Trump's Big CON: He is the Dupable President

Another MUST READ: the Washington Post, Stephen K. Bannon’s remarkable admission: President Trump is easily duped, which states in full:

"The information that President Trump sees has been a major subplot of the White House's internal drama. Aides often privately describe the president as highly susceptible to acting upon the last piece of information he's seen — no matter how dubious. And controlling that flow of information is a big part of new White House Chief of Staff John F. Kelly's effort to right the ship and keep the Oval Office on-task.

But rarely do you see someone close to the president just come out and admit how unsophisticated he is as a consumer of information.

That's what Stephen K. Bannon did Monday night, though not quite in so many words.

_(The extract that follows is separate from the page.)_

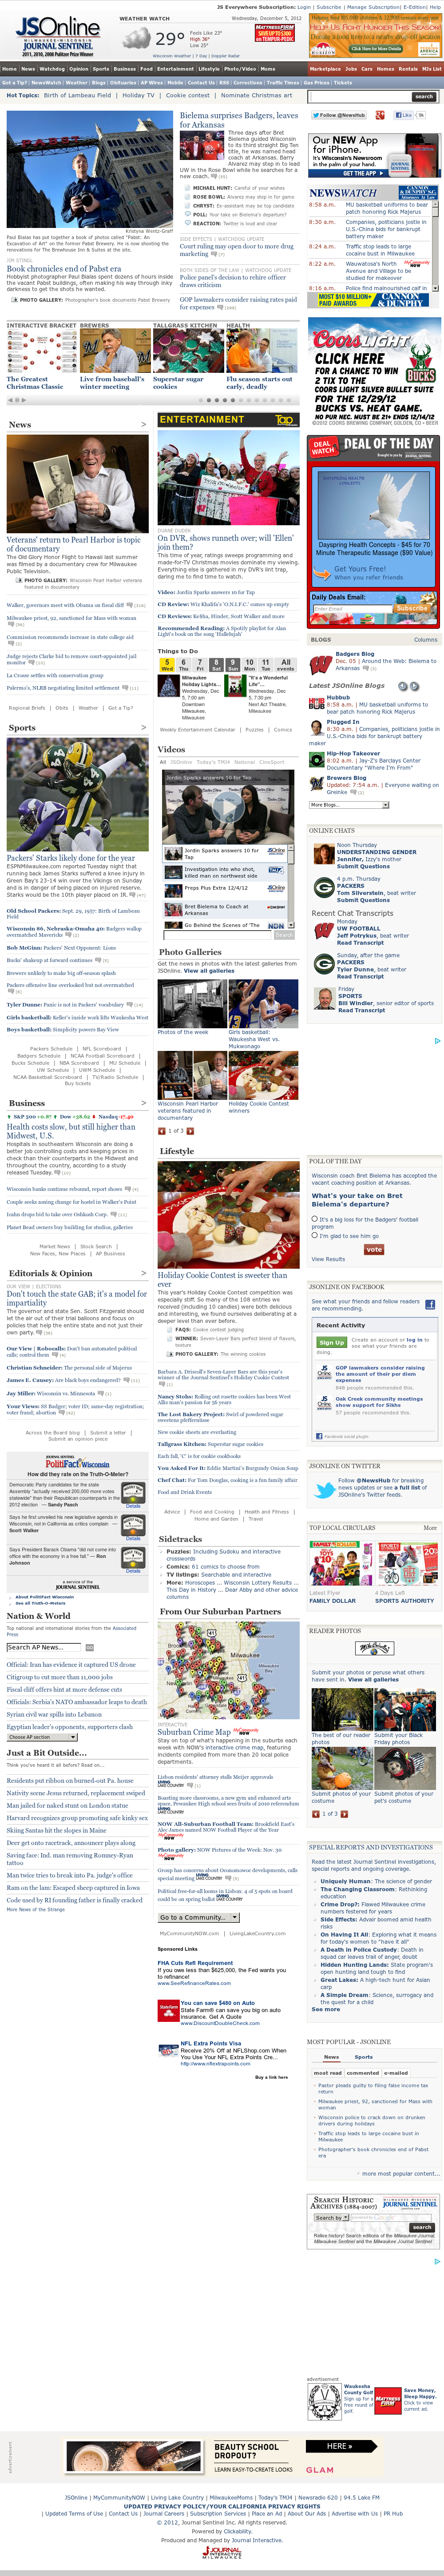 Milwaukee Journal Sentinel at Wednesday Dec. 5, 2012, 3:28 p.m. UTC

While chatting with Fox News's Sean Hannity, the former White House chief strategist suggested that Trump was essentially duped into supporting appointed Sen. Luther Strange (R-Ala.) in Tuesday's Alabama special-election runoff. And it wasn't really all that subtle.

Bannon, who along with Breitbart and some other Trump stalwarts, has endorsed former state Supreme Court justice Roy Moore against Strange, told Hannity that there needs to be a 'real … review' of how Trump came to the decision to endorse Strange.

'They tried to destroy Donald Trump; the same gang that is going after Roy Moore is the same gang that went after Donald Trump,' Bannon said. 'And I have to tell you, I think at some time later after [Tuesday], a real, you know, review has to be done of how President Trump got the wrong information and came down on the wrong side of the football here.'

Bannon's reasons for saying this are pretty apparent. Among them:

    He is signaling to potential Moore supporters that Strange really isn't Trump's kind of candidate and that they should feel good about voting for Moore.

    He is trying to give Trump an out after the special election — which Moore is favored to win — by suggesting that Moore was really the more Trumpian candidate all along.

    He is perhaps settling old White House scores by arguing that those around Trump don't have his interests at heart. (Bannon was one of those sources of information Kelly has sought to clamp down on.)

But making that argument — that Trump was duped — also means arguing that he is capable of being duped, and apparently rather easily in this case. Inherent in Bannon's argument is the idea that Trump either isn't discerning enough to make that endorsement decision for himself, or at least that he doesn't do enough homework.

Bannon is basically confirming everything aides have said privately about how unsophisticated Trump is in consuming information. This is the president of the United States, and Bannon is talking about him as if he's still a total political novice — a weather vane, even.

That's a pretty stunning admission coming from one of the people who has worked closest with Trump."